Output the full listing verbatim.
+++
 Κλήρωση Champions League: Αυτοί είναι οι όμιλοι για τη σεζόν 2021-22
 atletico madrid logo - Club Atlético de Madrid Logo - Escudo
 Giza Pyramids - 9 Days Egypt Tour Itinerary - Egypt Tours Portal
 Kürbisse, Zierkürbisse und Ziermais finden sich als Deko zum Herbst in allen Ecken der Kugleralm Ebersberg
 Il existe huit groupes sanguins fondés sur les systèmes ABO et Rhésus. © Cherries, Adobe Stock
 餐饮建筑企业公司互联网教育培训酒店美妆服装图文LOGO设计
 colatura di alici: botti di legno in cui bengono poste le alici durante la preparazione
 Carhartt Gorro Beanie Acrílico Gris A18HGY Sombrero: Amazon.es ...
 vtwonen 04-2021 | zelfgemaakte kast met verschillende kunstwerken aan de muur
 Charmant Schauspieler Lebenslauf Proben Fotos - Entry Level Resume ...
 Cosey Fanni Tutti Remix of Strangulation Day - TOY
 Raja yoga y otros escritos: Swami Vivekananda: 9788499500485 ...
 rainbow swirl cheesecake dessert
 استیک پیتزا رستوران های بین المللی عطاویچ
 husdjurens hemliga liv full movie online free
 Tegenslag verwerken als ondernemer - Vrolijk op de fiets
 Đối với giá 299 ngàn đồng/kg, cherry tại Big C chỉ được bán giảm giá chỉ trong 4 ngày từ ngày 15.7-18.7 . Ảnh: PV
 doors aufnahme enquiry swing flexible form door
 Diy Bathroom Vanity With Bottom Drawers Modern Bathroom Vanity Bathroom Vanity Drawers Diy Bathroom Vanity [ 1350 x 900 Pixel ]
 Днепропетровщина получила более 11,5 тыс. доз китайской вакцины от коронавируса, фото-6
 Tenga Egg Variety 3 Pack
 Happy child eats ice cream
+++
ANSWER TO THIS EXERCISE
 Κλήρωση Champions League: Αυτοί είναι οι όμιλοι για τη σεζόν 2021-22
 atletico madrid logo - Club Atlético de Madrid Logo - Escudo
 Giza Pyramids - 9 Days Egypt Tour Itinerary - Egypt Tours Portal
 Kürbisse, Zierkürbisse und Ziermais finden sich als Deko zum Herbst in allen Ecken der Kugleralm Ebersberg
 Il existe huit groupes sanguins fondés sur les systèmes ABO et Rhésus. © Cherries, Adobe Stock
 餐饮建筑企业公司互联网教育培训酒店美妆服装图文LOGO设计
 colatura di alici: botti di legno in cui bengono poste le alici durante la preparazione
 Carhartt Gorro Beanie Acrílico Gris A18HGY Sombrero: Amazon.es ...
 vtwonen 04-2021 | zelfgemaakte kast met verschillende kunstwerken aan de muur
 Charmant Schauspieler Lebenslauf Proben Fotos - Entry Level Resume ...
 Cosey Fanni Tutti Remix of Strangulation Day - TOY
 Raja yoga y otros escritos: Swami Vivekananda: 9788499500485 ...
 rainbow swirl cheesecake dessert
 استیک پیتزا رستوران های بین المللی عطاویچ
 husdjurens hemliga liv full movie online free
 Tegenslag verwerken als ondernemer - Vrolijk op de fiets
 Đối với giá 299 ngàn đồng/kg, cherry tại Big C chỉ được bán giảm giá chỉ trong 4 ngày từ ngày 15.7-18.7 . Ảnh: PV
 doors aufnahme enquiry swing flexible form door
 Diy Bathroom Vanity With Bottom Drawers Modern Bathroom Vanity Bathroom Vanity Drawers Diy Bathroom Vanity [ 1350 x 900 Pixel ]
 Днепропетровщина получила более 11,5 тыс. доз китайской вакцины от коронавируса, фото-6
 Tenga Egg Variety 3 Pack
 Happy child eats ice cream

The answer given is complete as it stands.